Compressed air off, alcohol on.


----------



## grilliams (Sep 11, 2011)

am pretty late to this discussion but am running around looking on ebay and was wondering if there was any specific shifter model to look for/avoid. am thinking dura ace and run a 9 speed xt shadow. would a ten speed shifter work all right? don't mind the left side rapid fire but the rear derailleur set up drives me crazy. always used the deore thumbies.


----------



## StanleyButterfly (Nov 4, 2009)

Haaah! 10 sp.


----------



## DeeEight (Jan 13, 2004)

The 9sp shadow derailleurs work fine with the Dura Ace thumbshifter setups. I'm running an XT with my 9speed setup on my 650B hardtail and a XTR with my 10 speed setup on my 650B full suspension.


----------



## jeff (Jan 13, 2004)

DeeEight said:


> The 9sp shadow derailleurs work fine with the Dura Ace thumbshifter setups. I'm running an XT with my 9speed setup on my 650B hardtail and a XTR with my 10 speed setup on my 650B full suspension.

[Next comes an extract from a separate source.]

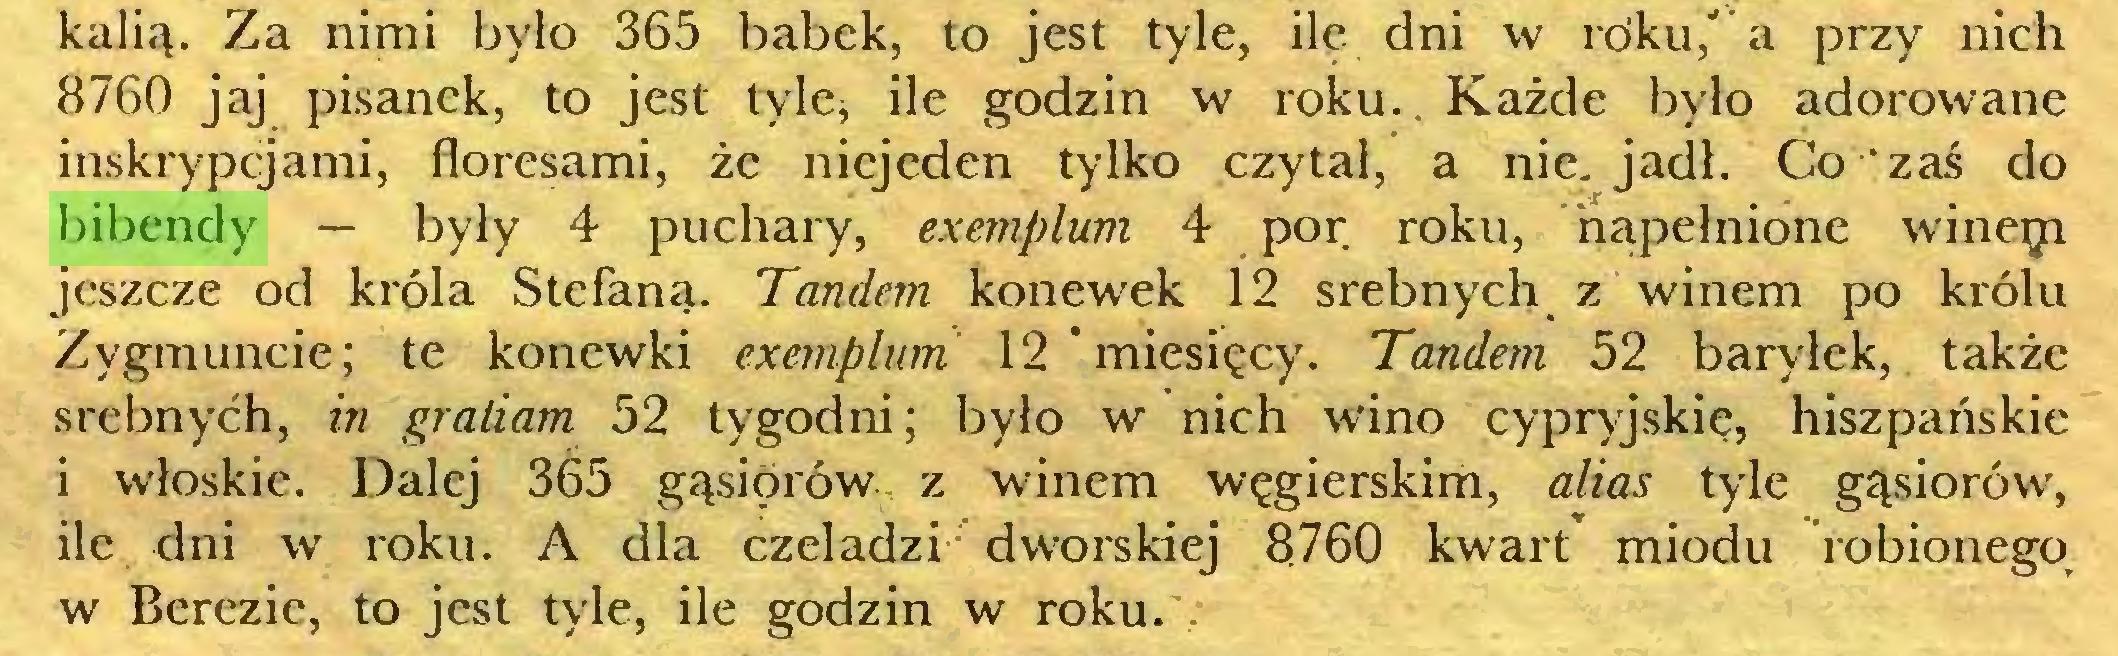 (...) kalią. Za nimi było 365 babek, to jest tyle, ile dni w roku,' a przy nich 8760 jaj pisanek, to jest tyle* ile godzin w roku.. Każde było adorowane inskrypcjami, floresami, że niejeden tylko czytał, a nie. jadł. Co zaś do bibendy — były 4 puchary, exemplum 4 por roku, napełnione wineęi jeszcze od króla Stefana. Tandem konewek 12 srebnych z winem po królu Zygmuncie; te konewki exemplum 12 miesięcy. Tandem 52 baryłek, także srebnych, in graliam 52 tygodni; było w nich wino cypryjskie, hiszpańskie i włoskie. Dalej 365 gąsiorów z winem węgierskim, alias tyle gąsiorów, ile dni w roku. A dla czeladzi dworskiej 8760 kwart miodu robionego w Berezie, to jest tyle, ile godzin w roku...

Where have you been hiding D8?


----------



## DeeEight (Jan 13, 2004)

I get (and quite a few others) time-out errors on my own computer and as such only log on about once a week or whenever I get onto another computer. MTBR did "something" last spring with how their DNS id's are routed and poof... dozens or more users all got problems trying to log onto mtbr (and only mtbr) simultaneously with no alterations to our own computer's network settings.


----------